Query OK, 385230 rows affected, 18549 warnings (16.12 sec)
Records: 385230  Deleted: 0  Skipped: 0  Warnings: 18549
# Some lines where a bit too long, that's why the warnings are there.

ndb_mgm> all report memory

ndb_mgm> Node 1: Data usage is 18%(607 32K pages of total 3200)
Node 1: Index usage is 2%(349 8K pages of total 12832)
Node 2: Data usage is 18%(607 32K pages of total 3200)
Node 2: Index usage is 2%(349 8K pages of total 12832)
Node 3: Data usage is 18%(597 32K pages of total 3200)
Node 3: Index usage is 2%(332 8K pages of total 12832)
Node 4: Data usage is 18%(597 32K pages of total 3200)
Node 4: Index usage is 2%(332 8K pages of total 12832)

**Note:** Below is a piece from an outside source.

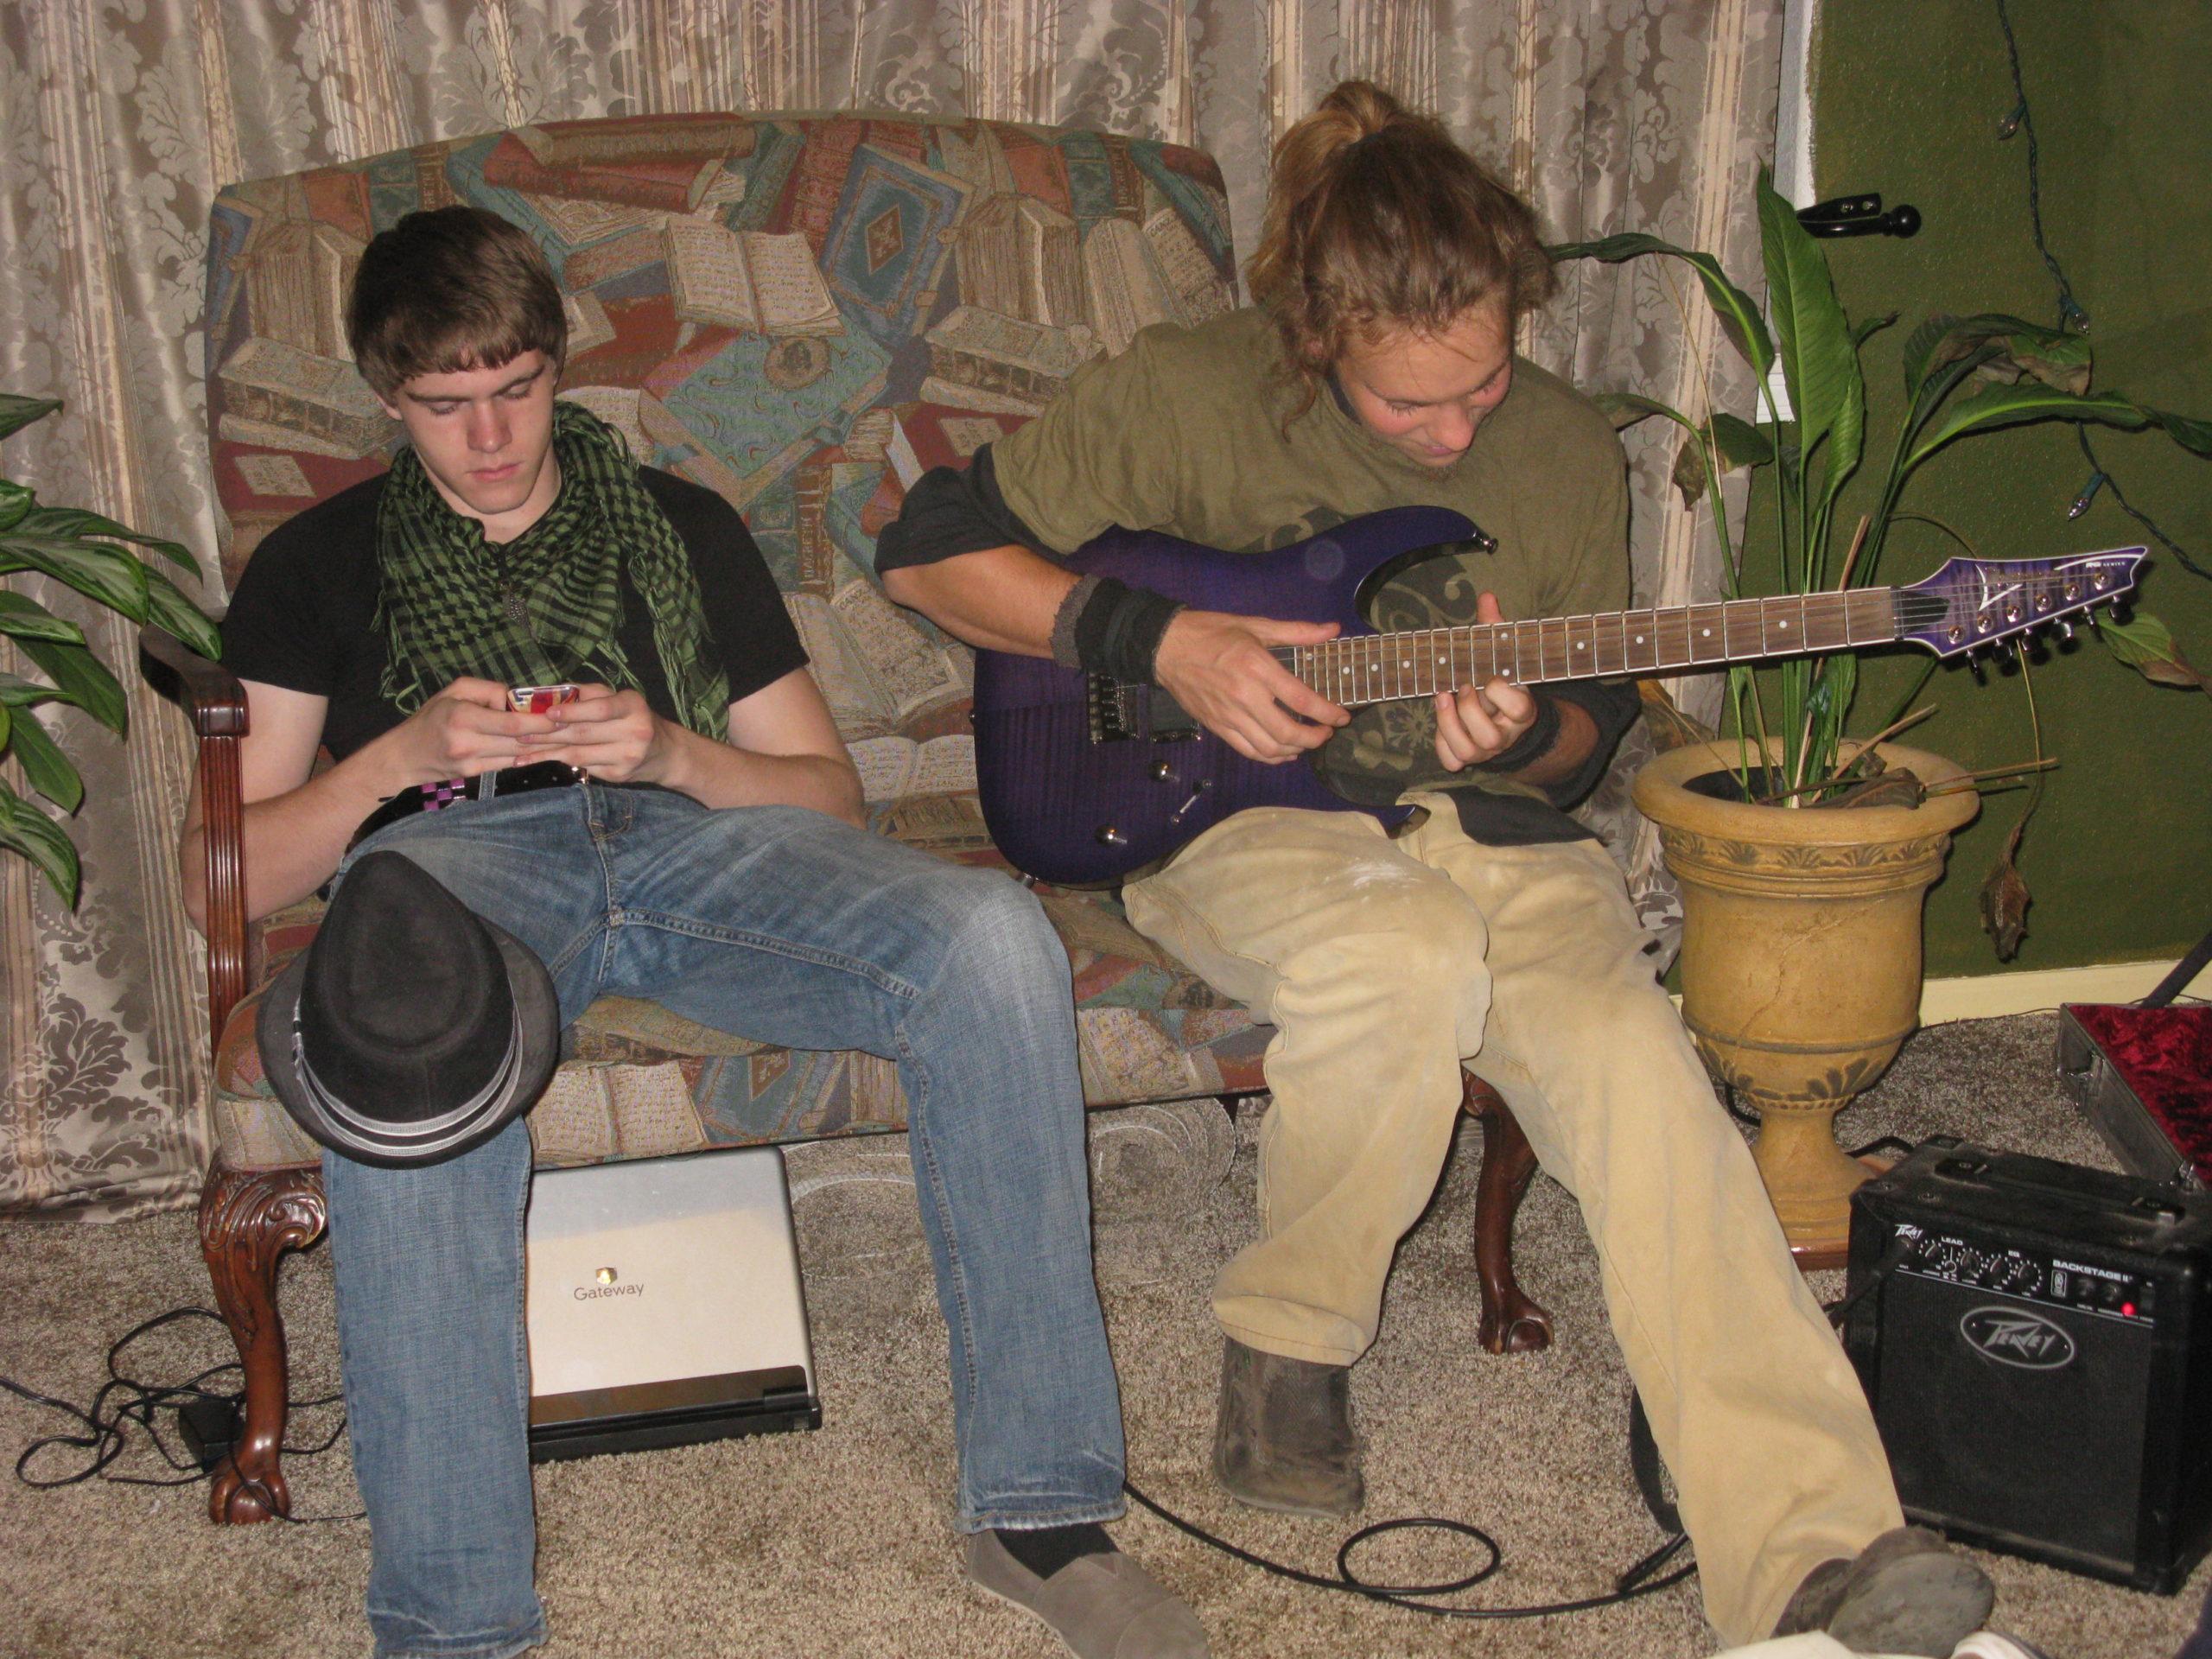 Daniel playing guitar

mysql> delete from foo where id % 2 = 0;
Query OK, 192615 rows affected (3.04 sec)

ndb_mgm> all report memory

Node 1: Data usage is 18%(607 32K pages of total 3200)
Node 1: Index usage is 1%(214 8K pages of total 12832)
Node 2: Data usage is 18%(607 32K pages of total 3200)
Node 2: Index usage is 1%(206 8K pages of total 12832)
Node 3: Data usage is 18%(597 32K pages of total 3200)
Node 3: Index usage is 1%(198 8K pages of total 12832)
Node 4: Data usage is 18%(597 32K pages of total 3200)
Node 4: Index usage is 1%(206 8K pages of total 12832)

mysql> optimize table foo;
+----------+----------+----------+----------+
| Table    | Op       | Msg_type | Msg_text |
+----------+----------+----------+----------+
| test.foo | optimize | status   | OK       | 
+----------+----------+----------+----------+
1 row in set (38.43 sec)

ndb_mgm> all report memory

Node 1: Data usage is 18%(607 32K pages of total 3200)
Node 1: Index usage is 1%(214 8K pages of total 12832)
Node 2: Data usage is 18%(607 32K pages of total 3200)
Node 2: Index usage is 1%(206 8K pages of total 12832)
Node 3: Data usage is 18%(597 32K pages of total 3200)
Node 3: Index usage is 1%(198 8K pages of total 12832)
Node 4: Data usage is 18%(597 32K pages of total 3200)
Node 4: Index usage is 1%(206 8K pages of total 12832)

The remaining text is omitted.